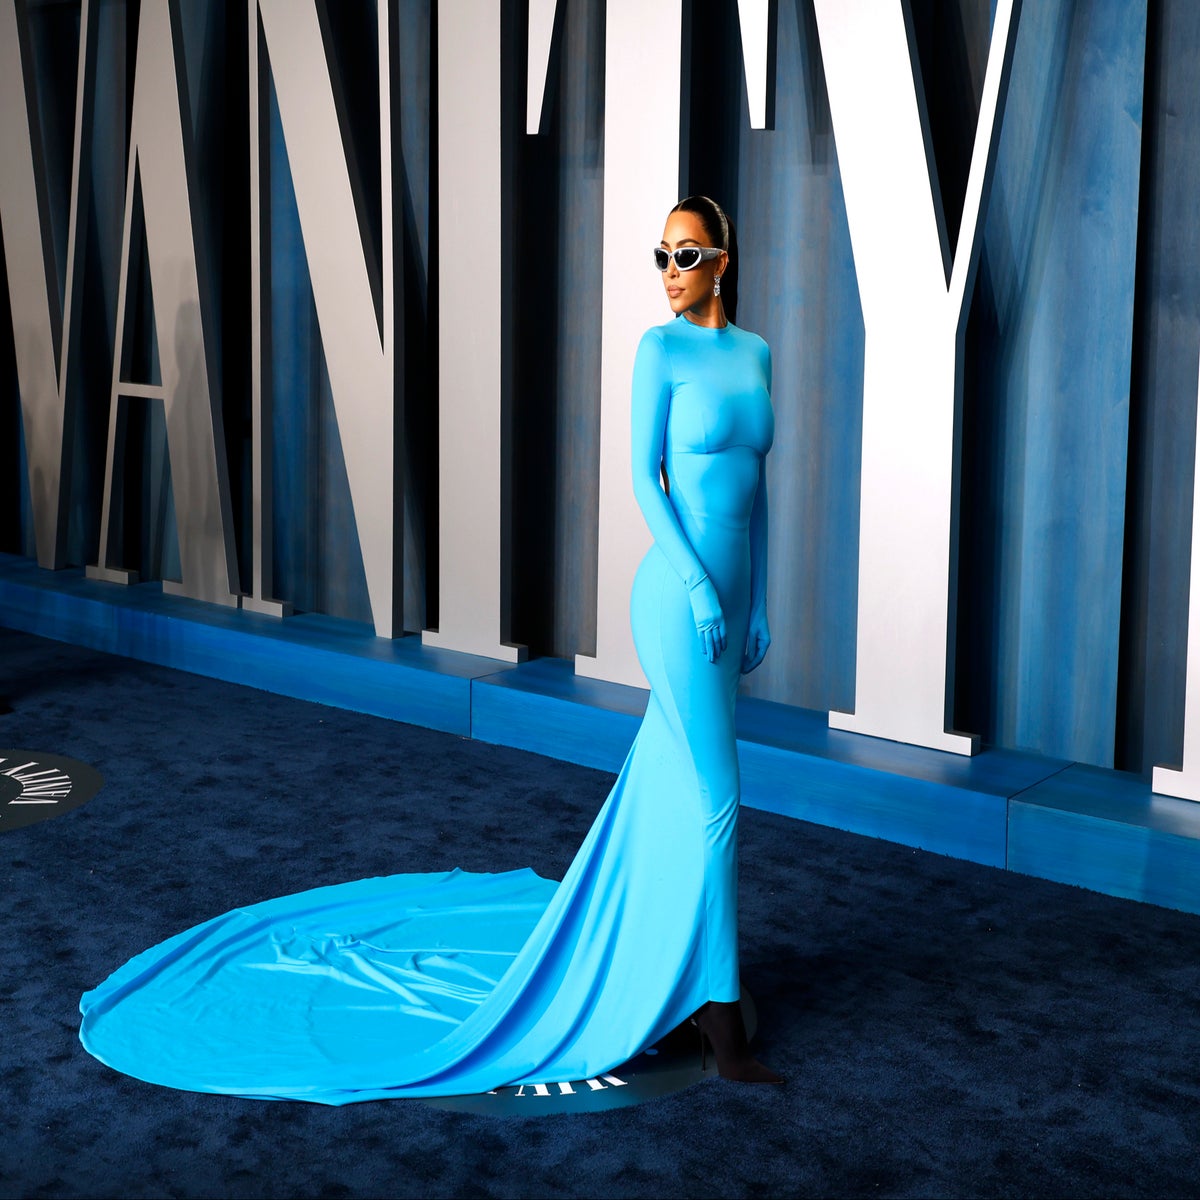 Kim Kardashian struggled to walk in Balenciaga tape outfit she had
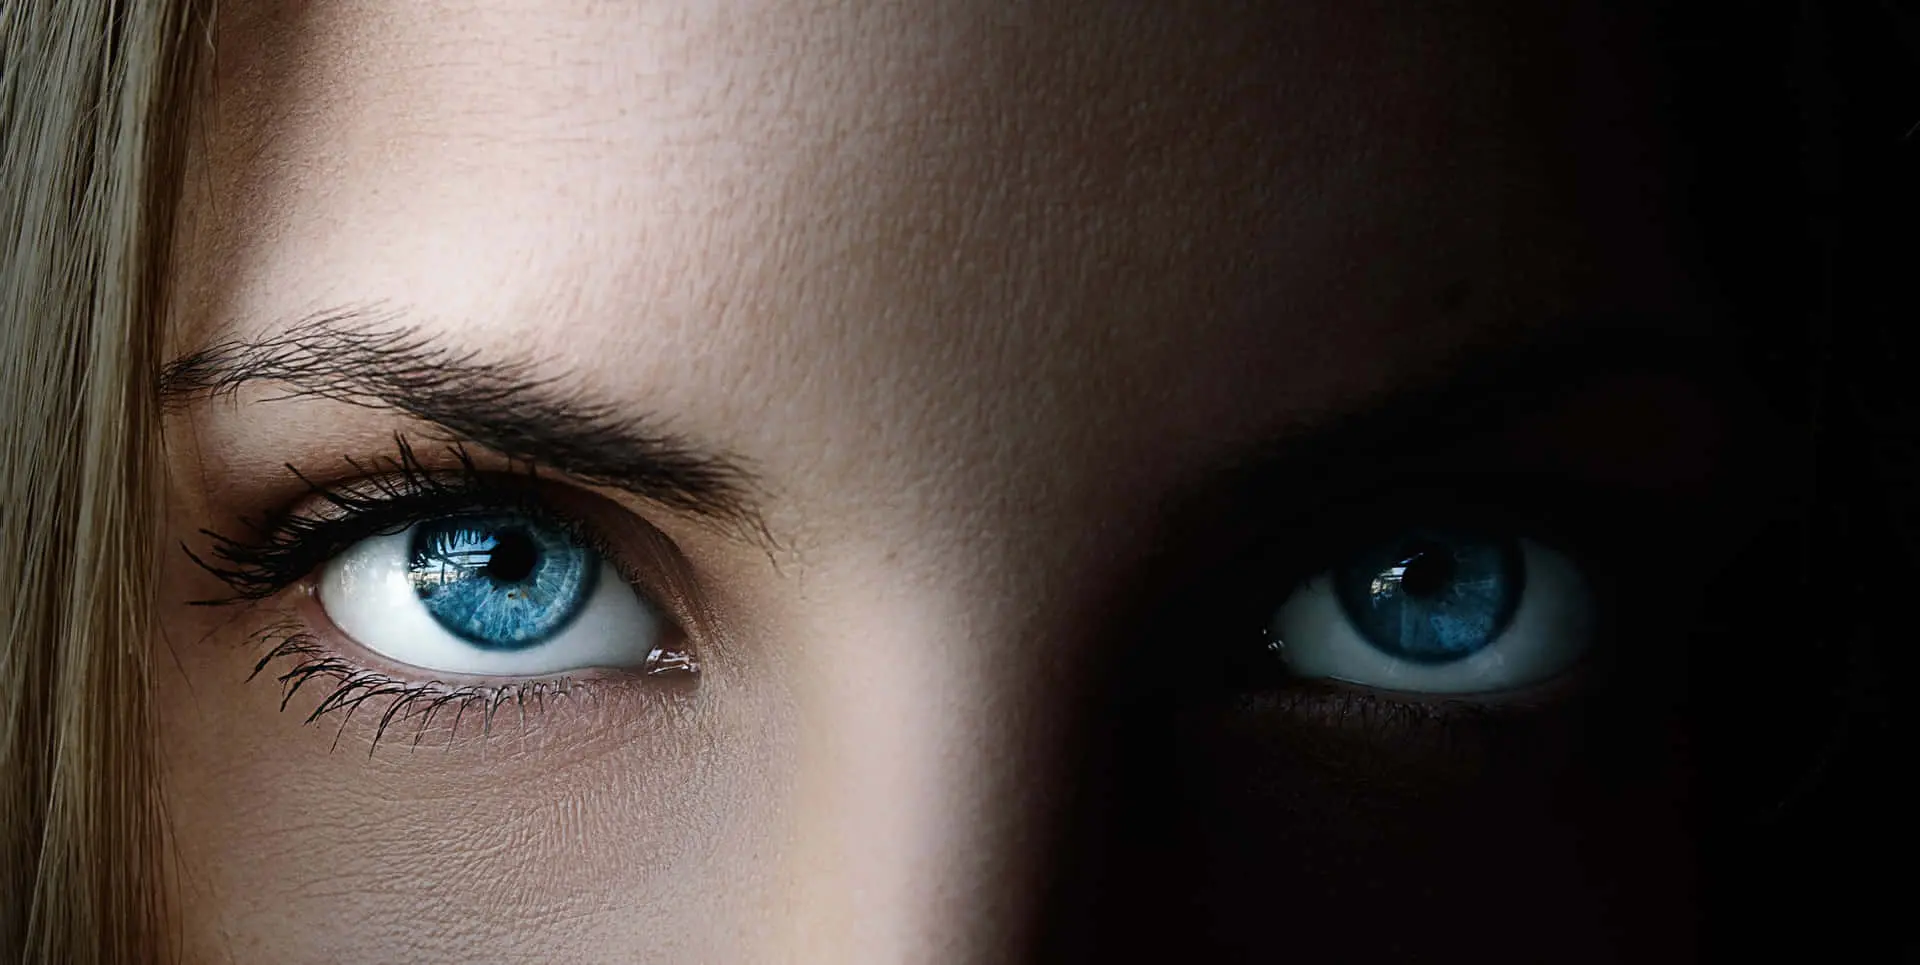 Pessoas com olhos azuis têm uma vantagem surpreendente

--

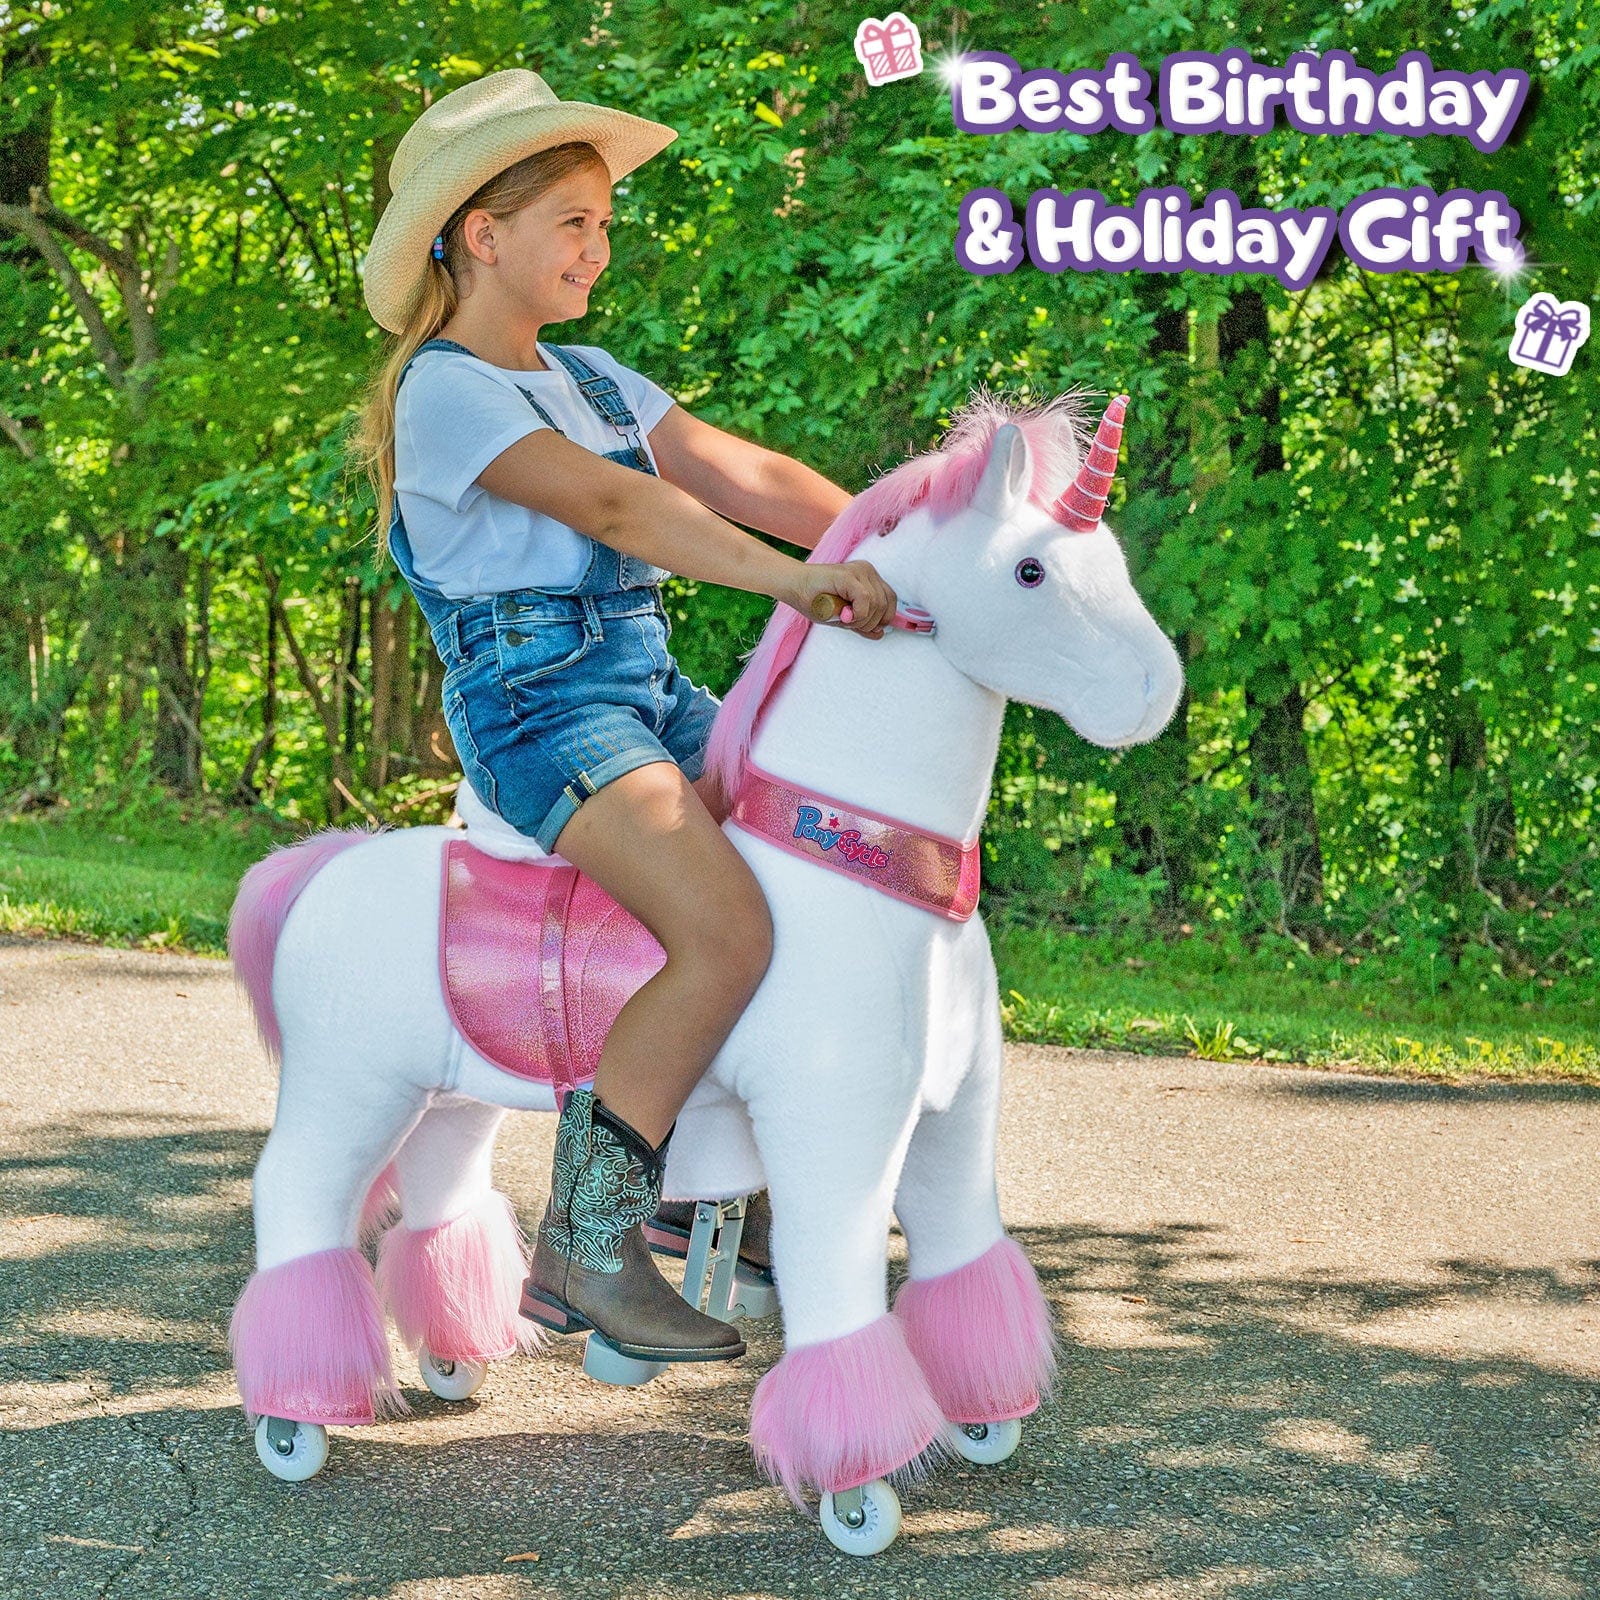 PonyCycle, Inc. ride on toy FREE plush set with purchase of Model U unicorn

...

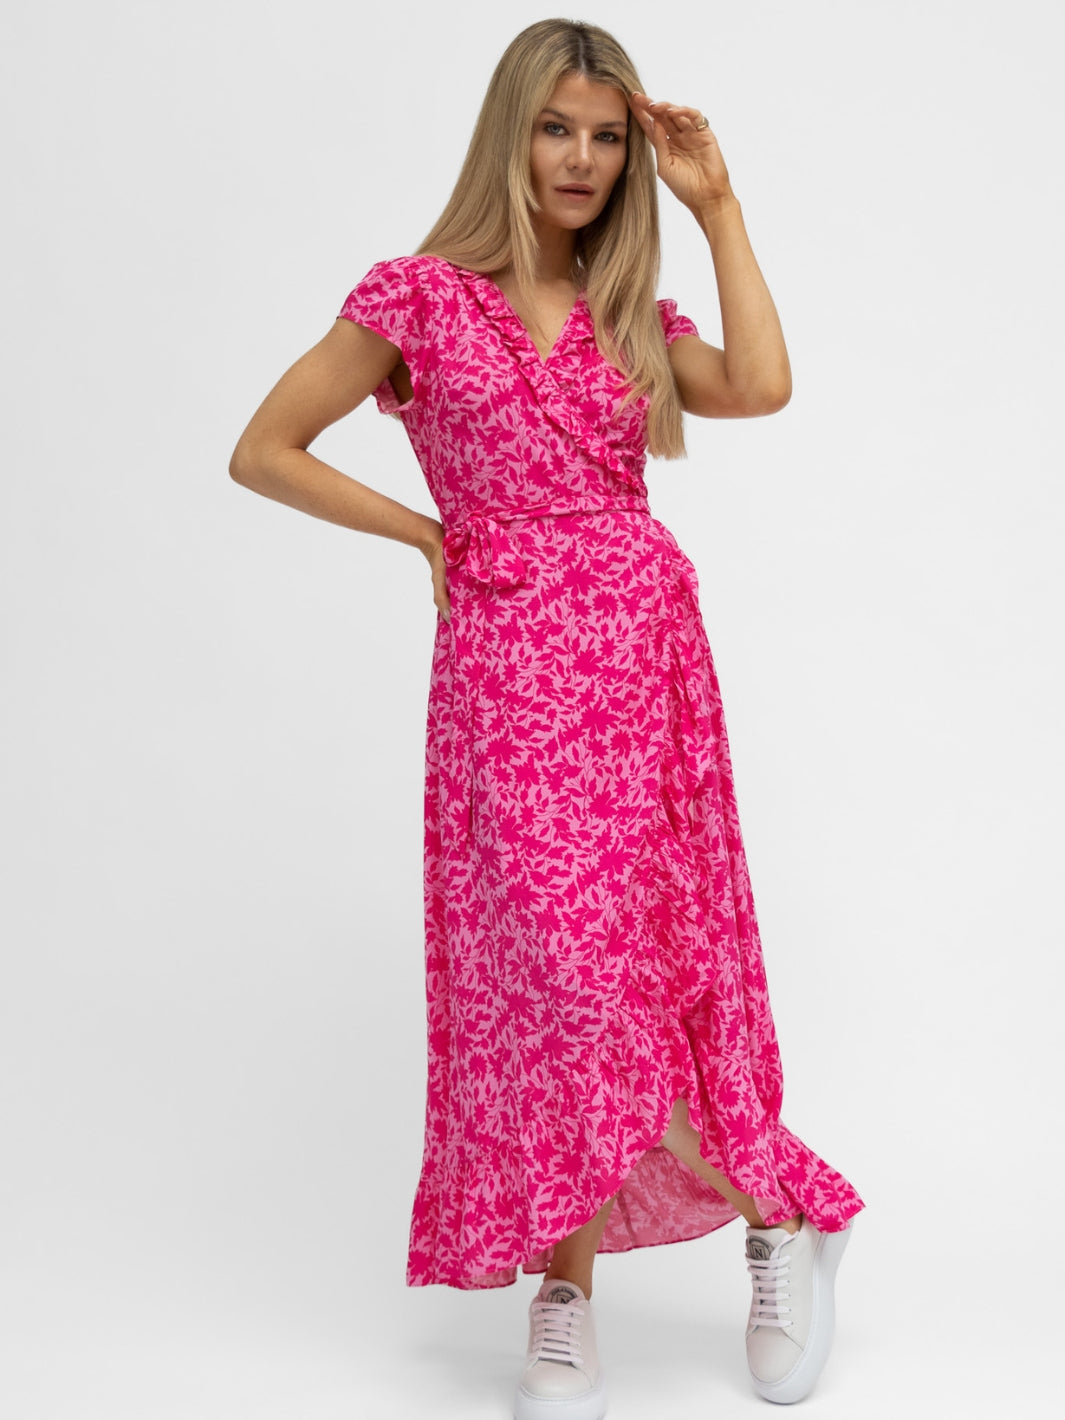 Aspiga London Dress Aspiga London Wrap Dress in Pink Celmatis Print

EXERCISE INSTRUCTIONS →
Find the line with "Kim Kardashian struggled" and the line with "Pessoas com olhos" in the records above. Copy both and all lines between them exactly, without pictures.

ANSWER SPACE →
 Kim Kardashian struggled to walk in Balenciaga tape outfit she had
 Pessoas com olhos azuis têm uma vantagem surpreendente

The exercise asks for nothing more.